Here, α_vis and β_vis are parameters for the artificial viscosity. We adopt α_vis = 1.0 and β_vis = 2.0. According to the kernel function, the gravity between the ith and jth particles is calculated as $$\begin{array}{l}{g}_{ij}=-G{\widehat{m}}_j\frac{x_i-x_j}{|x_i-x_j{|}^3},\\ {\widehat{m}}_j={\displaystyle {\int }_0^{|x_i-x_j|}4}\pi r^2{m}_{j}W(r,h)\text{d}r,\end{array}$$(7)

where G is the gravitational constant. According to Hooke’s law, deviatoric stress is proportional to strain. We calculate the time evolution of strain and then obtain the time evolution of deviatoric stress. The time evolution equation for the deviatoric stress tensor is given by $$\frac{\text{d}{S}_i^{\alpha \beta }}{\text{d}t}=2\mu \left({ϵ}_i^{\alpha \beta }-\frac{1}{3}{ϵ}_i^{\gamma \gamma }{\delta }^{\alpha \beta }\right)+S_i^{\alpha \gamma }{R}_i^{\beta \gamma }+S_i^{\beta \gamma }{R}_i^{\alpha \gamma },$$(8)

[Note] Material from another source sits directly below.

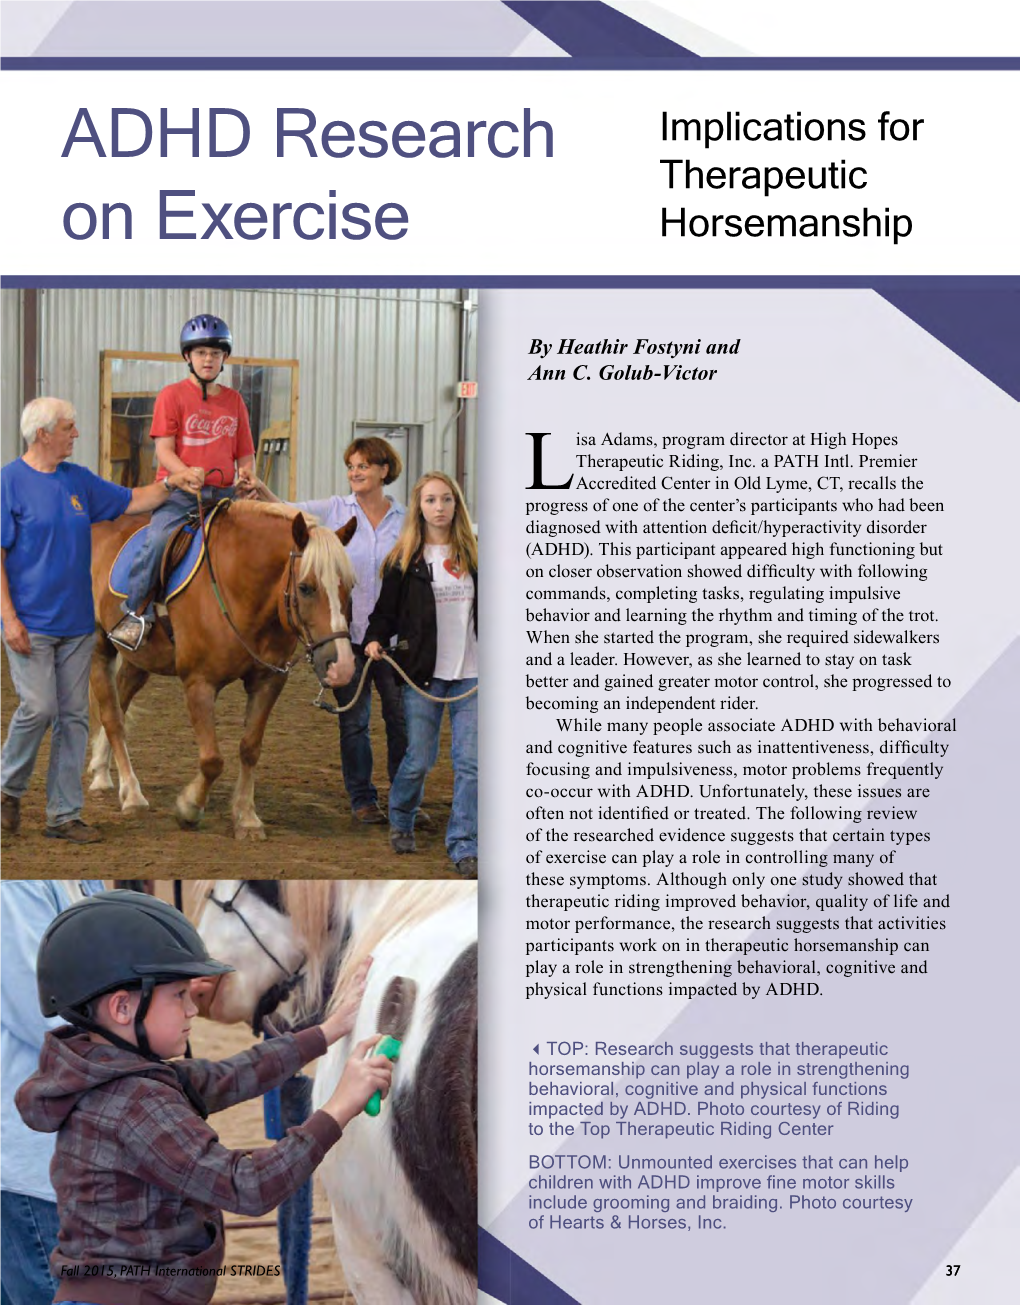 Fall 2015, ADHD Research on Exercise

where μ is the shear modulus; ${ϵ}_i^{\alpha \beta }$ and $R_i^{\alpha \beta }$ are a strain rate tensor and a rotational rate tensor, respectively, and are represented as $$\begin{array}{l}{ϵ}_i^{\alpha \beta }=\frac{1}{2}\left(\frac{\partial v_i^{\alpha }}{\partial x_i^{\beta }}+\frac{\partial v_i^{\beta }}{\partial x_i^{\alpha }}\right),\\ R_i^{\alpha \beta }=\frac{1}{2}\left(\frac{\partial v_i^{\alpha }}{\partial x_i^{\beta }}-\frac{\partial v_i^{\beta }}{\partial x_i^{\alpha }}\right).\end{array}$$

We note that ${ϵ}_i^{\alpha \beta }$ and $R_i^{\alpha \beta }$ are described by sums of velocity gradients. To treat rigid body rotation correctly, we adopt equations of velocity gradients with the correction matrix L_i developed by Bonet & Lok (1999): $$\begin{array}{l}\frac{\partial v_i^{\alpha }}{\partial x_i^{\beta }}={\sum }_j\frac{m_j}{{\rho }_j}\left(v_j^{\alpha }-v_i^{\alpha }\right){\text{L}}_i^{\beta \gamma }\frac{\partial }{\partial x_i^{\gamma }}W(|x_i-x_j|,h),\\ L_i={\left({\sum }_j\frac{m_j}{{\rho }_j}\frac{\partial }{\partial x_i}W(|x_i-x_j|,h)\otimes (x_j-x_i)\right)}^{-1}.\end{array}$$(11)

For the equation of state, we use the Tillotson EoS (Tillotson 1962), which is often used for numerical simulations of impacts with the SPH method (e.g., Genda et al. 2012; Benz & Asphaug 1999). The Tillotson EoS has ten material dependent parameters. We assume a material of colliding planetesimals as basalt. Thus, we use values of the shear modulus and the Tillotson parameters for basalt described in Benz & Asphaug (1999).

For time integration, we use a leapfrog method with a kick-drift-kick scheme. Here, we use leapfrog equations with a form where the position and other physical quantities such as the velocity are both updated at the end of each step (e.g., Hubber et al. 2013). Detailed descriptions for the time integration scheme are given in Appendix A.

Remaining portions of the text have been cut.